Whether you’re meeting with a potential client for the first time, giving a presentation about the services you offer, or leading a project kickoff meeting, non-verbal communication skills are incredibly important. Your actions give meaning to your words, and your movements subtly indicate your thoughts, feelings, and personality to the person you are speaking with.
In sales, it’s not just what you say to a prospective client—it’s also how you say it. Even a pitch or dialogue that looks perfect on paper can be impacted, for better or for worse, by non-verbal elements or influences. If you’re nervous, in a new situation, or distracted by your environment, those feelings can be reflected in your gestures, posture, and voice.
Here are the three major types of non-verbal communication that you should be aware of when pitching your services and techniques for improving each.
When promoting and selling yourself as a consultant, your body language should express confidence instead of doubt, warmth instead of aloofness, and enthusiasm rather than apathy.
You want to avoid aggressive stances or postures that may make your client feel uncomfortable. In general, avoid crossing your arms, slumping or slouching, and excessive fidgeting. Beware of nervous behaviors you might slide into such as unconsciously clicking your pen, shaking your leg, or playing with a piece of jewelry or clothing. Greet the client with a firm handshake, sit up straight, and use open palm gestures when speaking.
Facial expressions are a subset of body language that come with their own set of nuances. One of the most effective and important is eye contact. Eye contact conveys trust, confidence, and respect. It shows that you’re interested in what the other person is saying and holds their attention when you are speaking. However, it is also easy to overthink. Try to remain natural and relaxed, striking a balance between unwavering staring and nervous avoidance.

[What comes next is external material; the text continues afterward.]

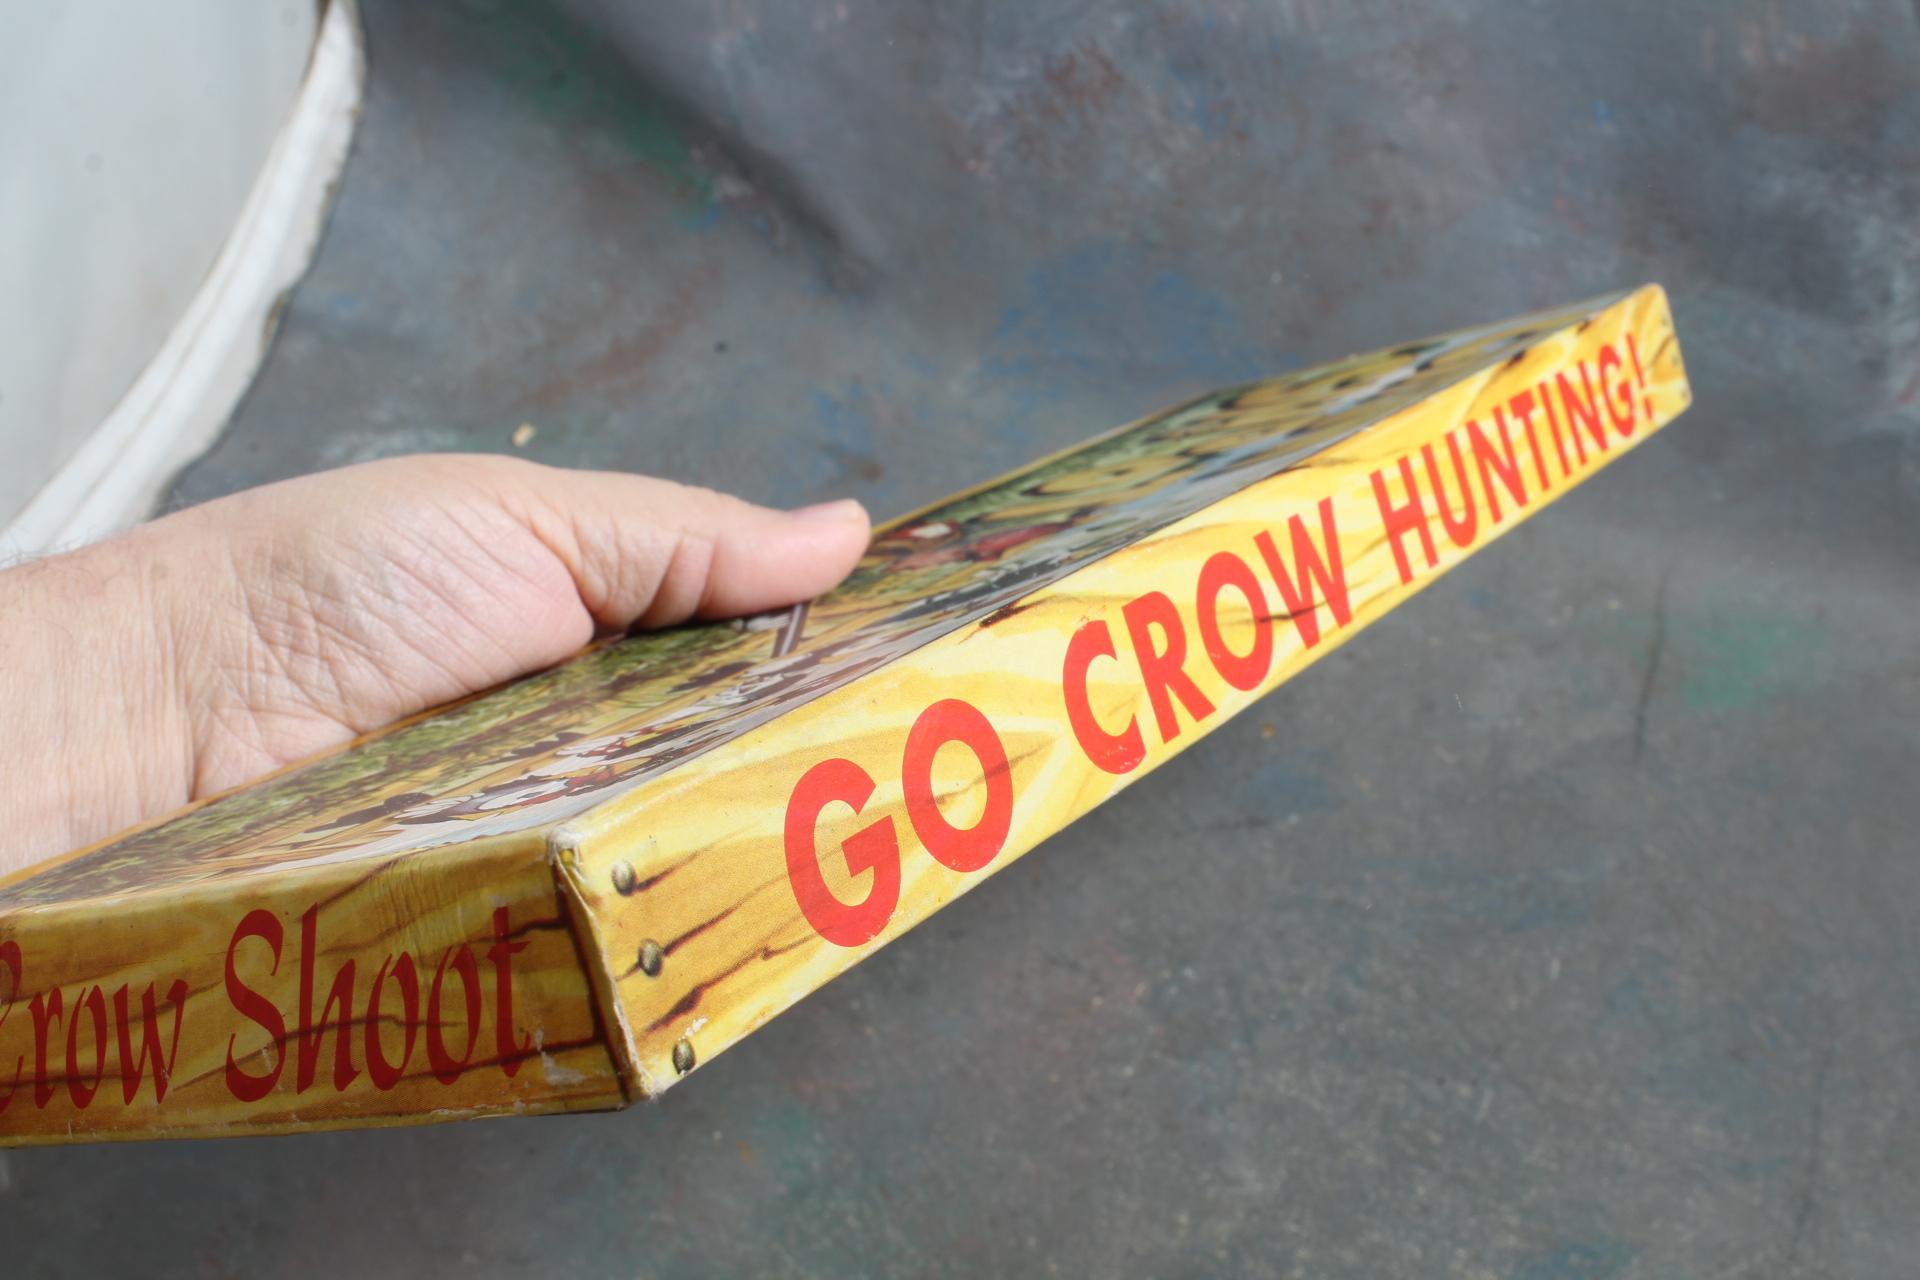 Vintage Antique Cardboard Jaymar Crow Shoot Target Game in Original Box

A close second to eye contact is remembering to smile. Don’t hesitate to show your warmth, friendliness, and enthusiasm. When the client is speaking or asking questions, nod occasionally to indicate you are interested in what they are saying. Always be sure to give them your full attention and when in doubt mirror their body language, which will indicate that you are listening and are in agreement.
Tone of voice isn’t “non-verbal” per se, but in conjunction with your actual words, how you use your voice can influence your client as well. Monotone recitation of your experience and specialties is unlikely to inspire excitement in a prospect—or even keep them awake. Likewise, exaggerated eagerness can come across as insincere or possibly suspicious.
You want to convey passion, enthusiasm, and confidence through your voice, regardless of the circumstances of the meeting. Speak clearly and talk to the client as you would like to be spoken to.
Take time ahead of meeting with a client to practice these non-verbal communication skills. Record your voice and listen to your pace, tone, and inflection. Do you talk too fast or too slow? Do you sound monotone and uninterested or overly enthusiastic? Enlist a friend and give them your pitch to receive feedback. With practice, your skills will improve and you will be able to lead your next client meeting with confidence.